# [The problem]
Take the lines in the listing below from the line with "MITSUZU Corp. International" up to and including the line with "Marimar Chardonnay and Albarino 2017" and set them down exactly, skipping pictures and adding nothing.

# [Dataset extract]
....
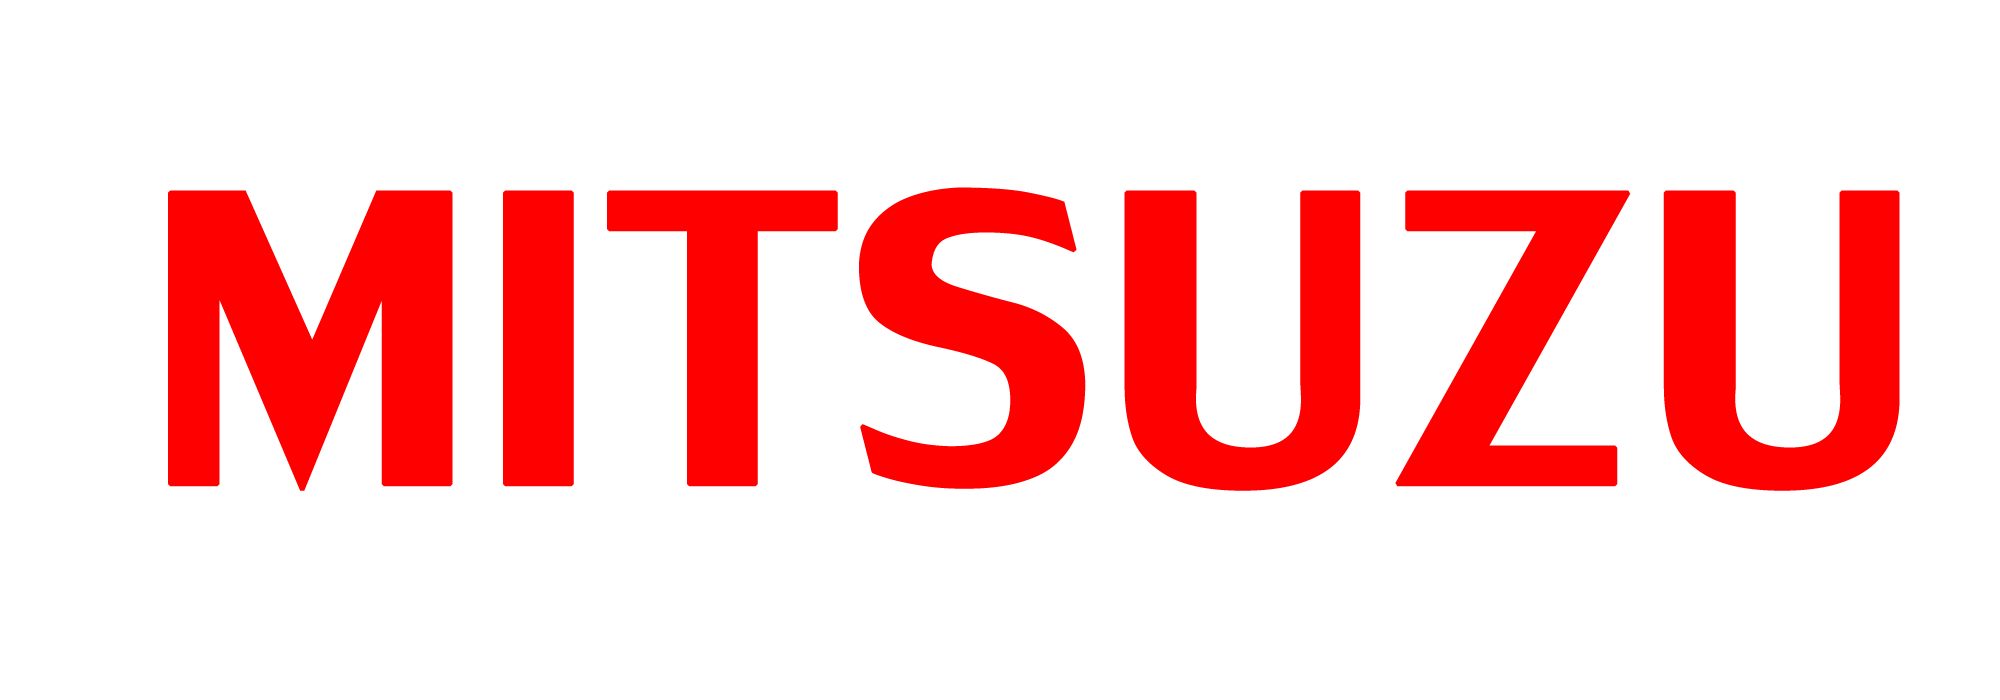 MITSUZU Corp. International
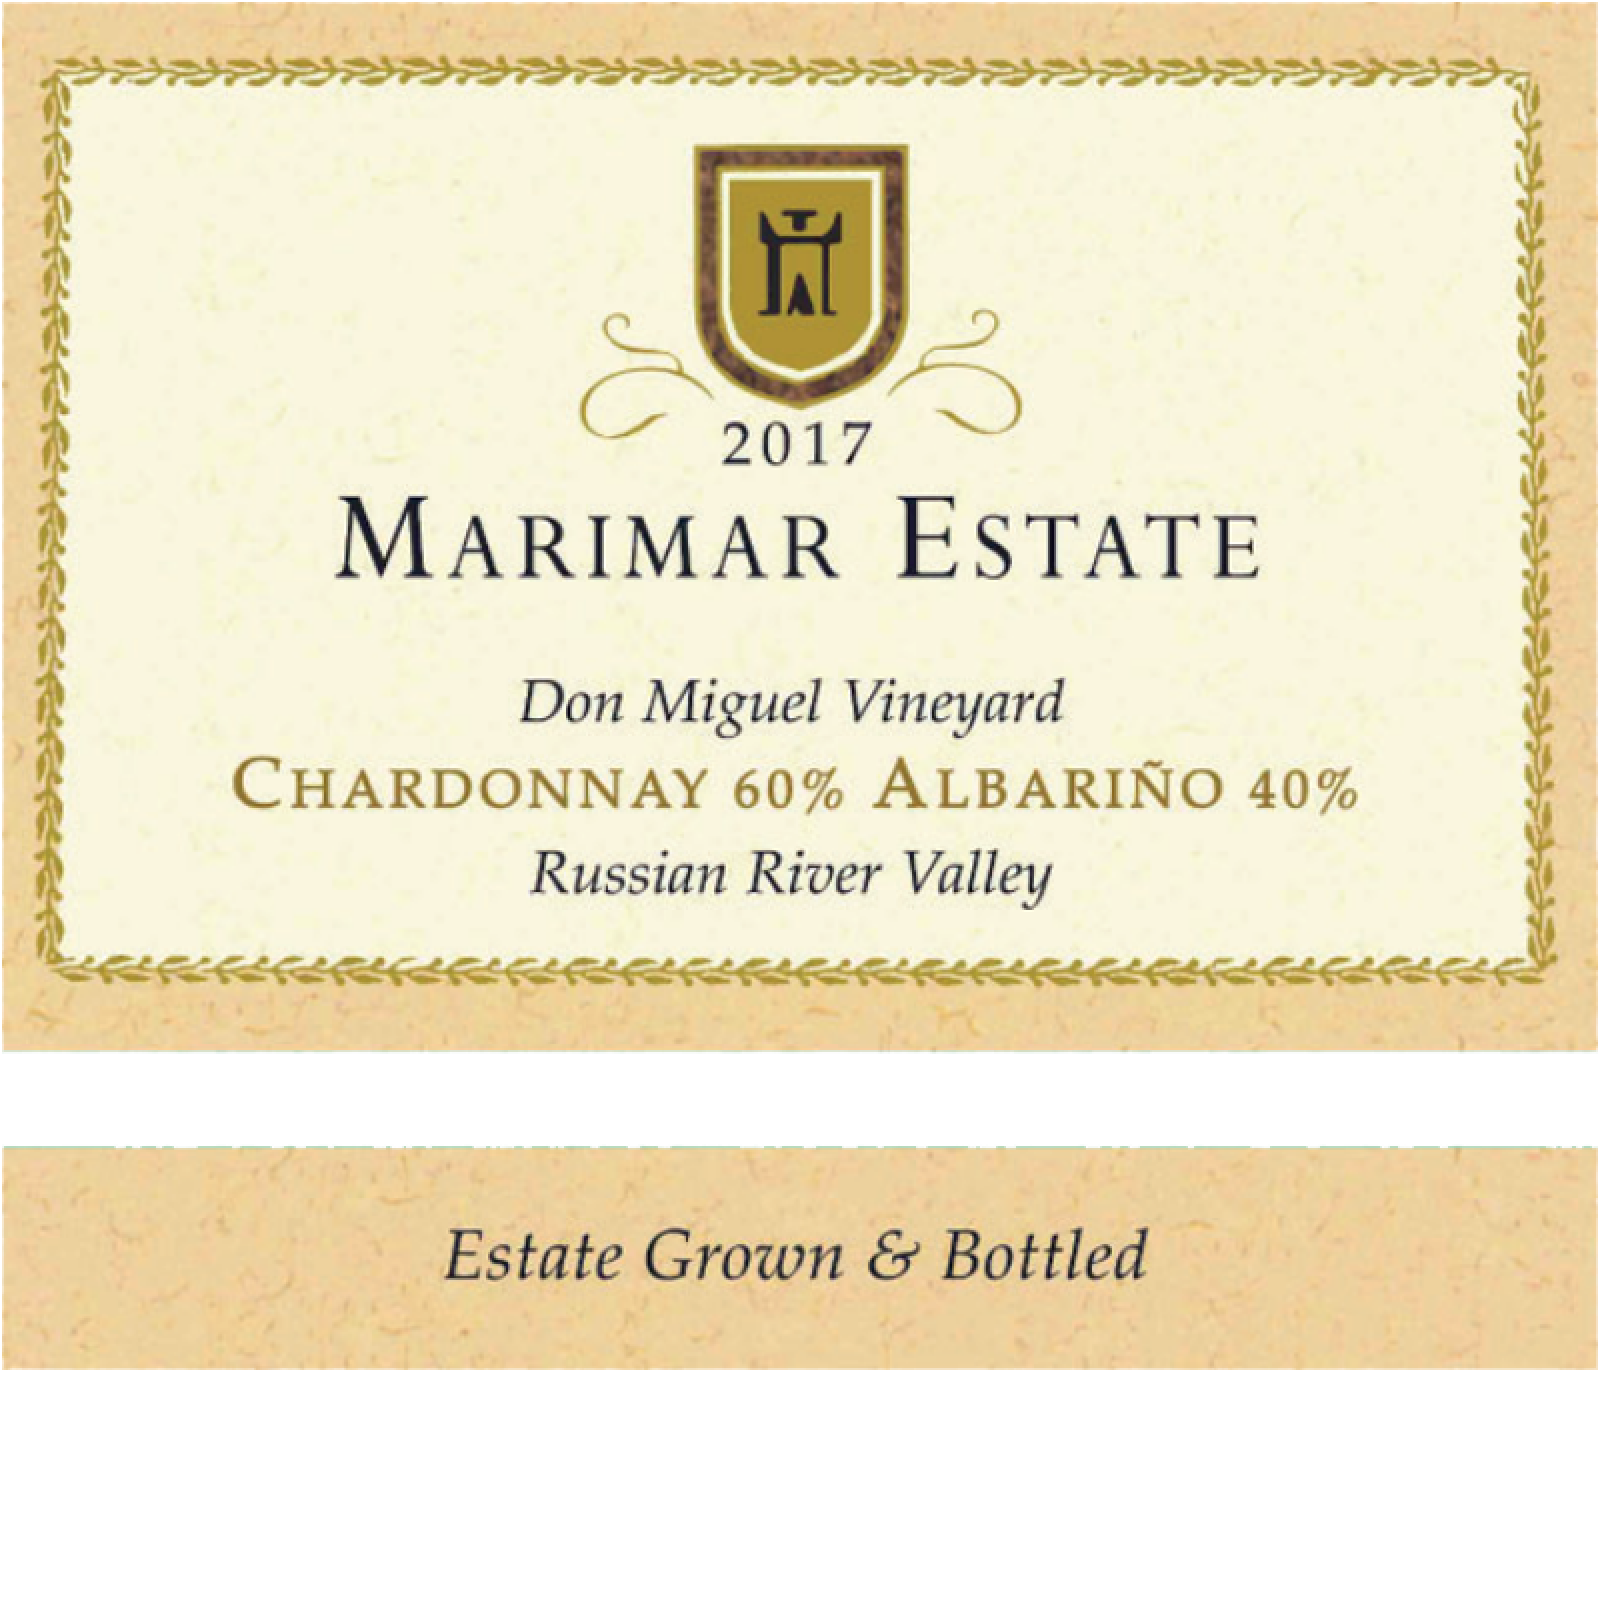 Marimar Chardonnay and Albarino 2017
....
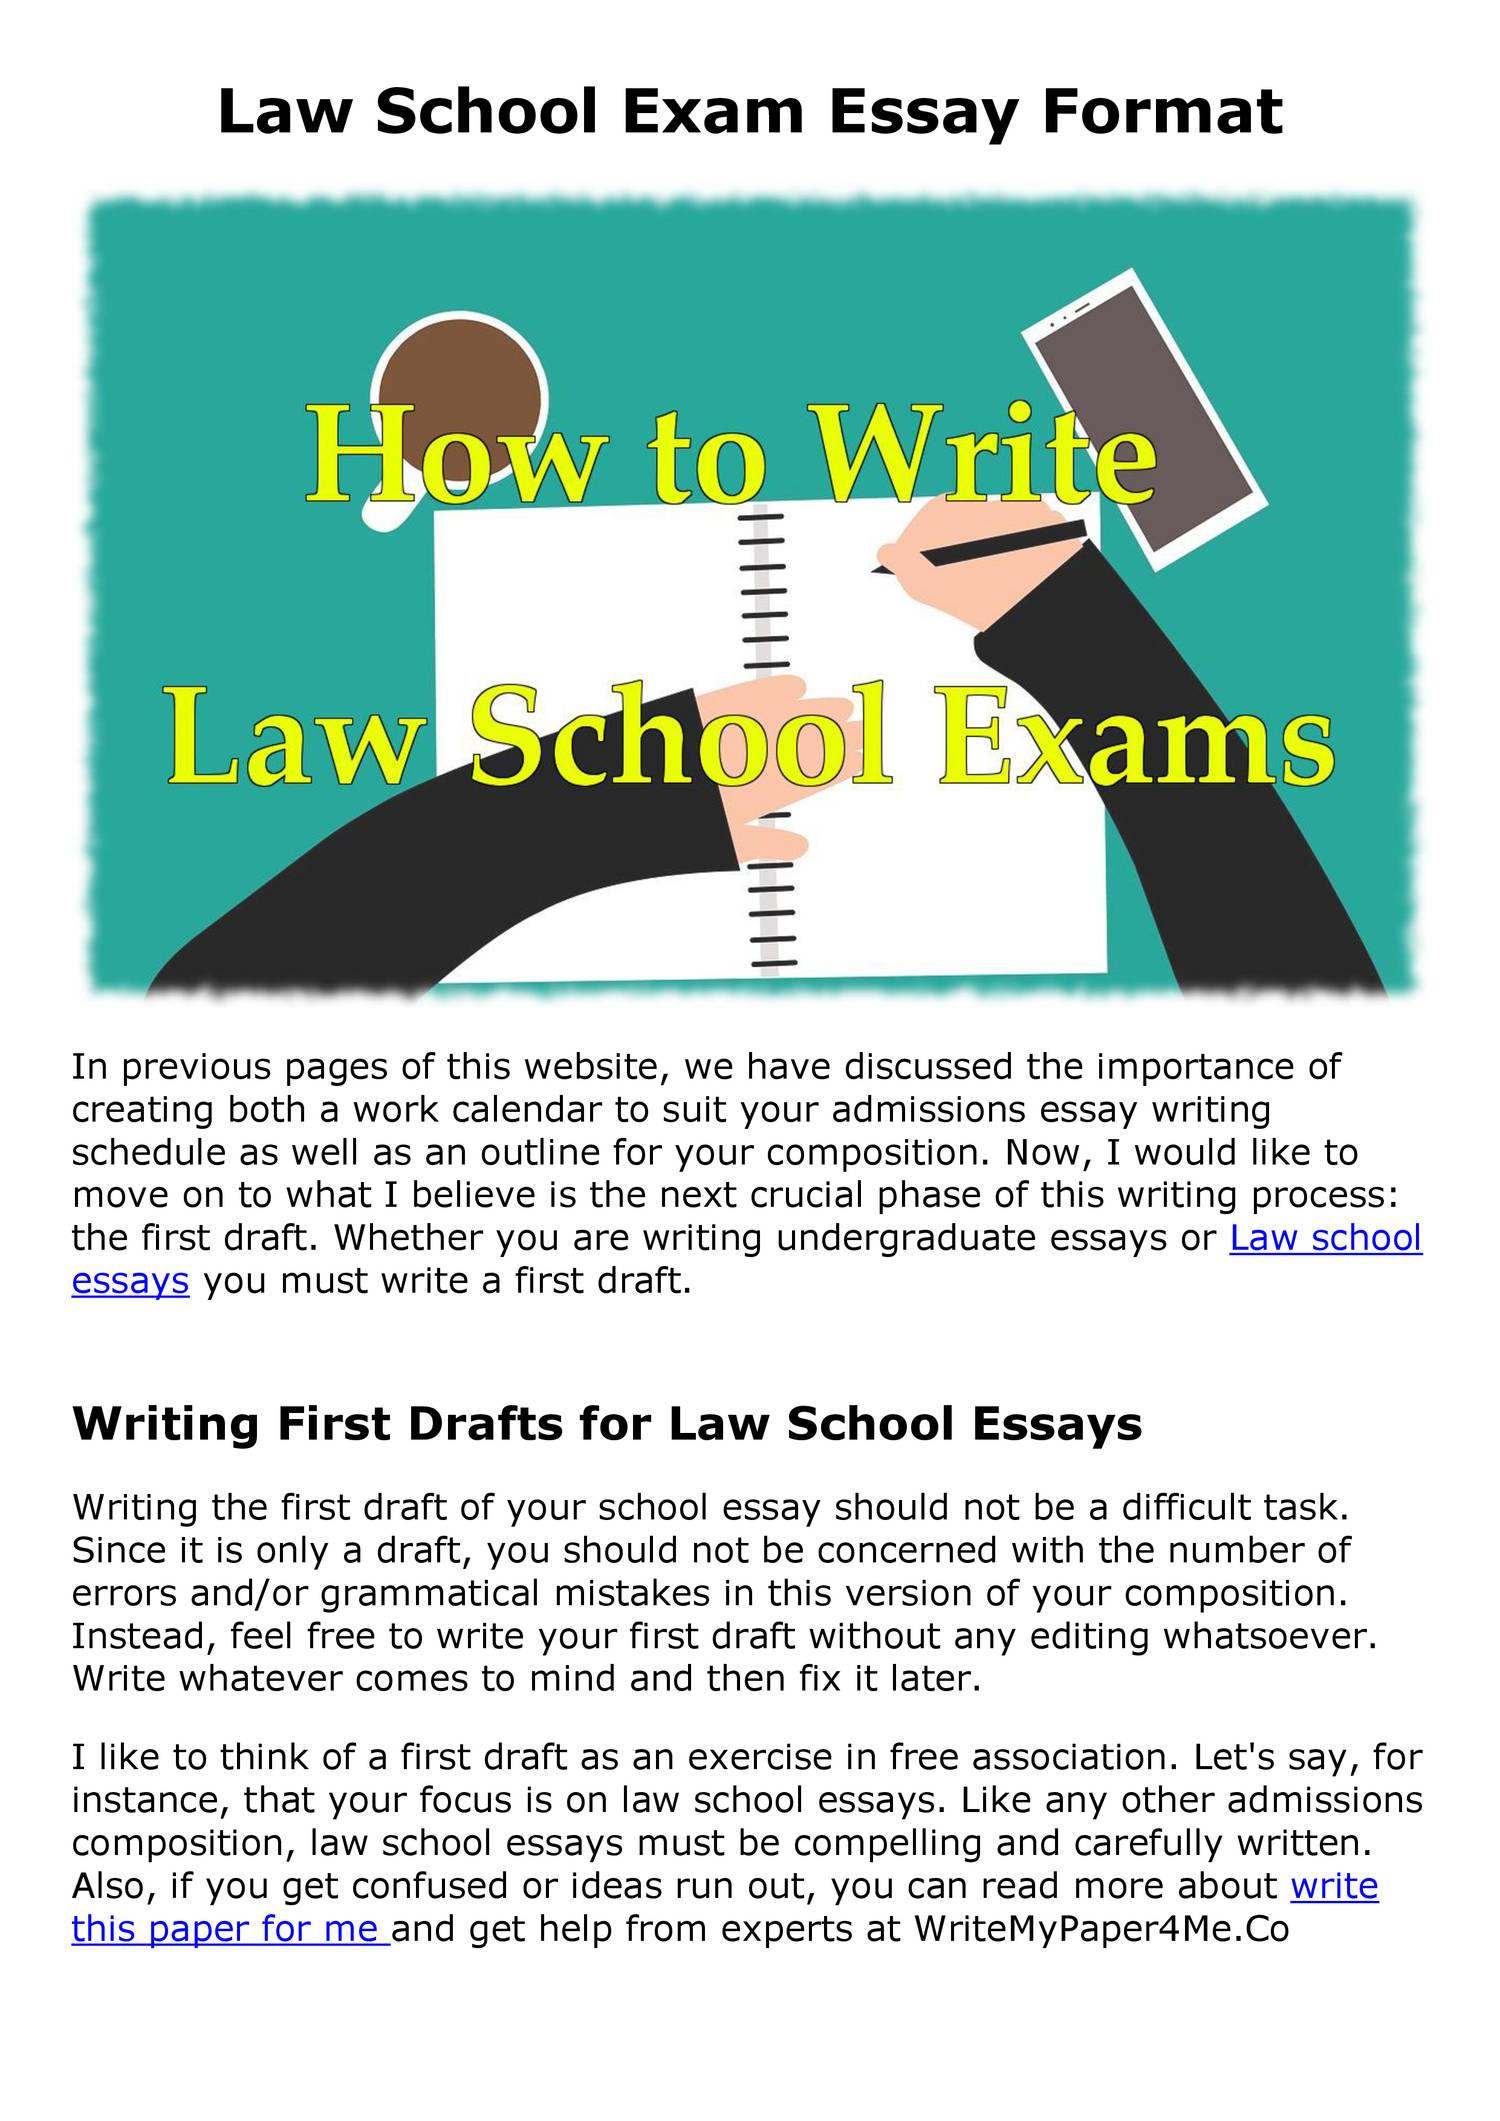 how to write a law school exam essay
....
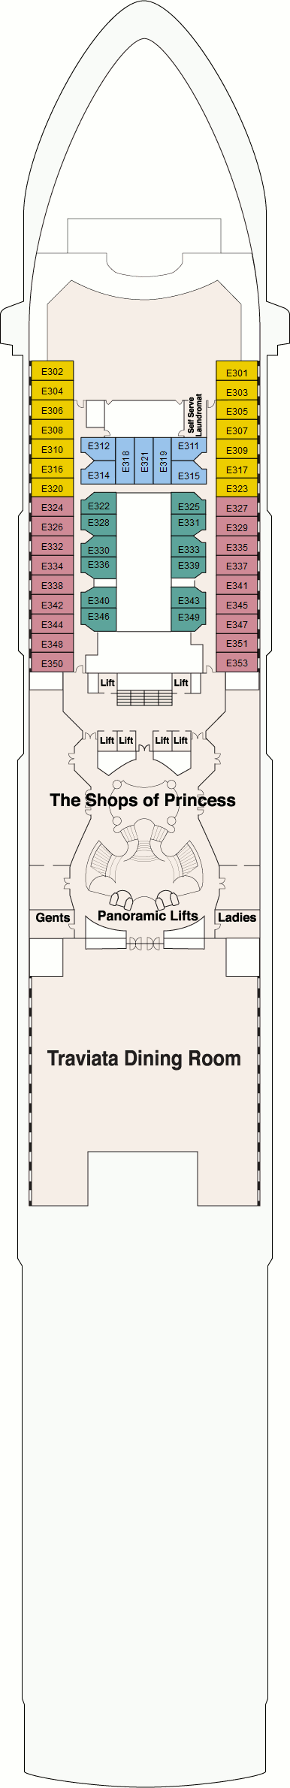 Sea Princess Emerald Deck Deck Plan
....
# [Solution to this problem]
 MITSUZU Corp. International
 Marimar Chardonnay and Albarino 2017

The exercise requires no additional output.